Охотники не торопились убивать свою добычу. Рисковать им ни к чему, а времени у них хоть отбавляй.
— А я думал, что хуже уже не будет…
— Конечно, будет, — Антон был полон оптимизма: — Чем дольше живешь, тем больше вариантов. И потом… когда бы мы ещё послушали вальс?
Это был Штраус — раз-два-три, раз-два-три… Стрельцов и Лозинский исполнили свой выход из-за такта, на счет четыре.
Это только кажется, что ритм начинается, только когда дирижер берет в руки палочку. Просто надо уметь услышать. Мгновением раньше, мгновением позже — и ритм Антона и Влада совпал бы с ритмом маленьких свинцовых предметов, перемещающихся в пространстве со скоростью порядка семисот метров в секунду.
Небольшой сбой ритма — и они оказались в бальном зале. Не самая толстая дверь — ни разу не броня, обычное дерево. Дверной замок, который представлял собой гораздо большую ценность в качестве антиквариата, нежели приспособления, которое должно кого-то остановить.

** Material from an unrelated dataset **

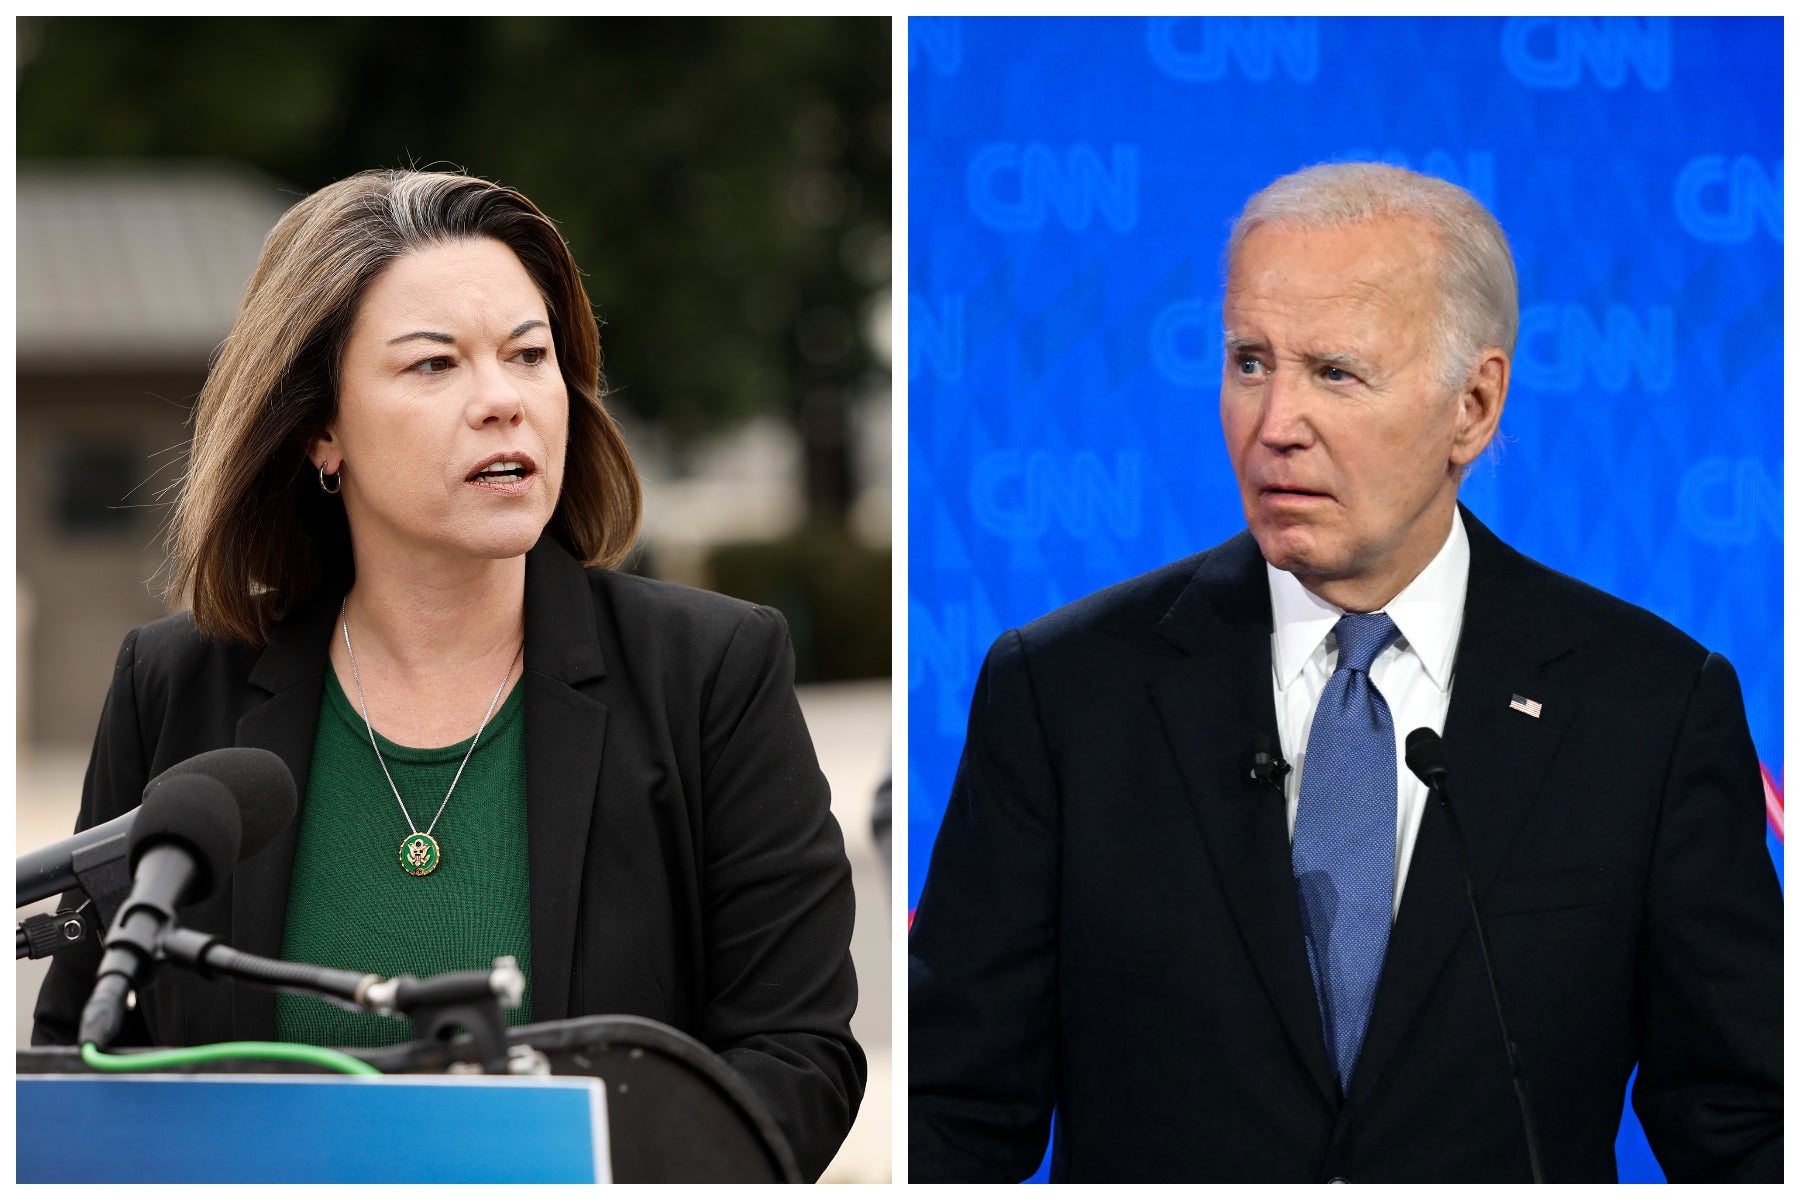 Representative Angie Craig called on president Joe Biden to drop out of the 2024 presidential race, citing his debate performance

— Оставить или вытащить? — Антон держал в руках ключ, на который закрыл дверь, — большой, бронзовый, если такой уронить с высоты в пару метров — вполне можно проломить череп.
— Как ты думаешь, надолго ли этих ребят задержит полтора сантиметра дерева? — Влад, тяжело дыша, осматривал зал: — Спорим, они не будут пользоваться отмычкой?

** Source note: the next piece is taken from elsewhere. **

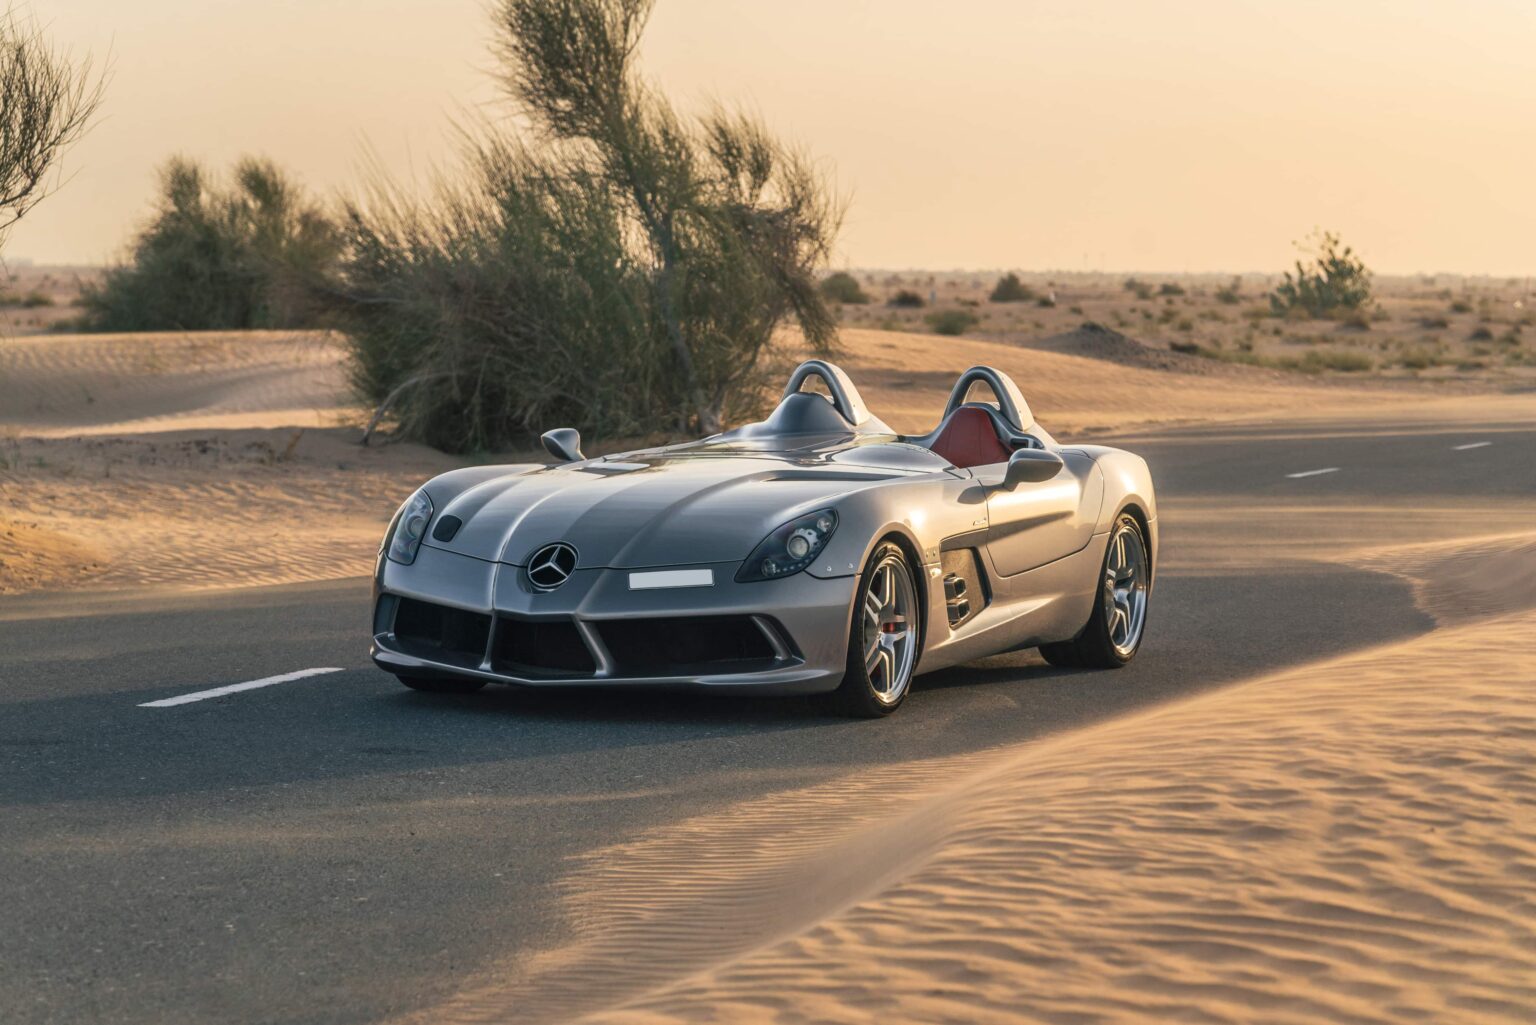 the Mercedes-Benz SLR McLaren Stirling Moss, reaching 219mph, now priced at £2.7 million. With only 75 ever made, it's a rare gem. Inspired by Sir Stirling Moss’ 1955 Mille Miglia victory, its design pays homage to motorsport history. Despite its rarity, it has tripled in value, now auctioned by RM Sotheby’s.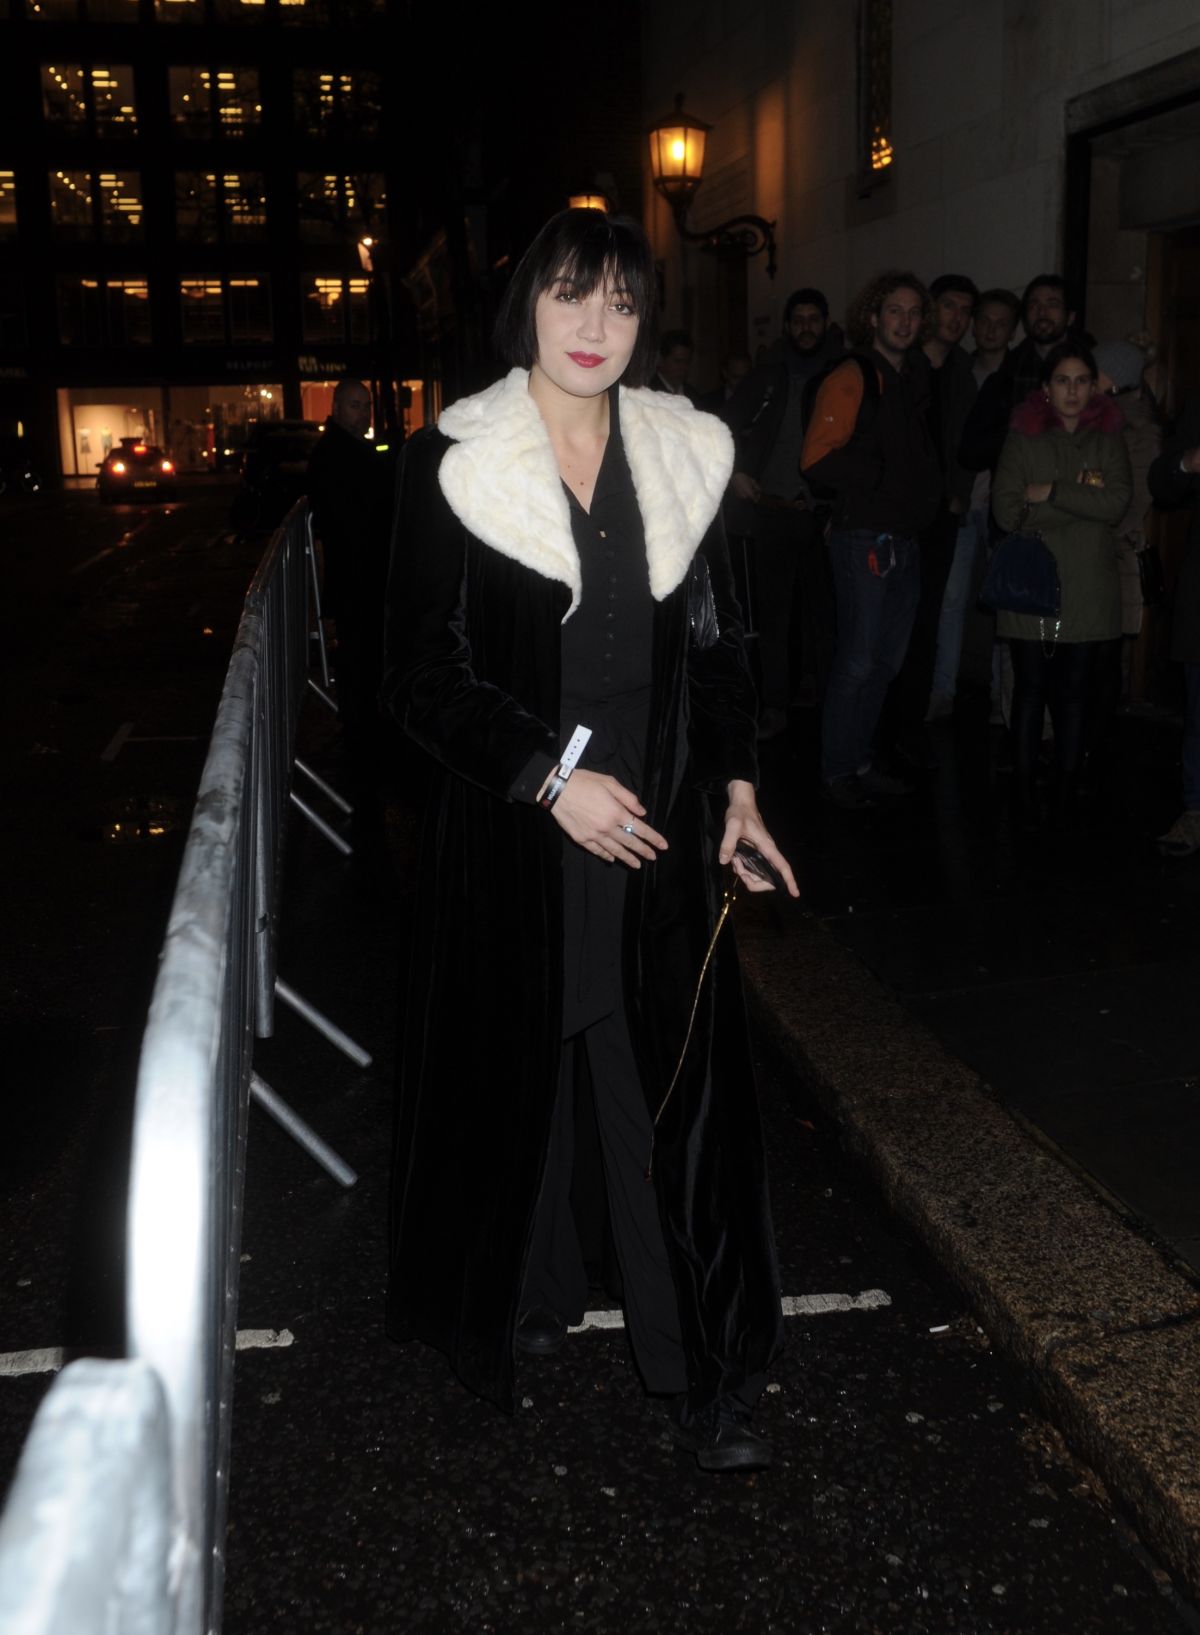 daisy-lowe-arrives-at-huawei-s-unfinished-symphony-in-london-02-04-2019-1.jpg

Бальный зал — идеальный квадрат, колонны, бархатные шторы, пуфики — просто целая стая пуфиков. И ни одного окна. Идеально, если не хочешь обращать внимание на время суток. Штрауса сменил Шопен, но ни музыкантов, ни танцоров по-прежнему было не видать. Довольно странное чувство: закрой глаза — и ты прямо посреди бала, открой — пустая комната без окон.
— И что дальше? — Влад обстучал стены. — Никогда не любил дискотек.
— Ну теперь им придется войти.
— Ага, а мы типа в засаде. Наверное, поэтому они не торопятся — боятся. У меня классная аптечка, надеялся, что не понадобится. Помнится, там были неплохие стимуляторы.
Выстрелы в двери оказались не то чтобы неожиданными. Неожиданным оказалось то, что двери все были на месте, то есть они все ещё были.
— Это нормально?
— Влад, мы во Вратах, тут иногда случаются странные вещи.
— Ну да, лестницы плохо реагируют на удар мачете…
— А двери сопротивляются автоматическому оружию. Посмотри, что там у меня, сильно задело, пока наши гости не нашли ключ под половицей.
Двери снова тряхнуло. С тем же успехом.
— Упорные.
— Ага, они о нас так же думают. Если местные пуфики такие же бронебойные, как двери…
Лёгкий, на грани слуха звук, металл о металл — поворот ключа в замке — не дал Антону договорить.
— Понеслась, — вздохнул Влад и приготовился стрелять.
Двери открывались со скоростью только-только тронувшегося поезда, а может, так только казалось: слишком хорошо Антон знал, что произойдет, когда это движение закончится. Семь выстрелов. И ещё три. Тишина. Казалось, что убийцы начали стрелять друг в друга. Или в кого-то?
Дверь открылась. Когда дверное полотно вылетает, вырывая с мясом петли, это тоже в каком-то смысле открытие.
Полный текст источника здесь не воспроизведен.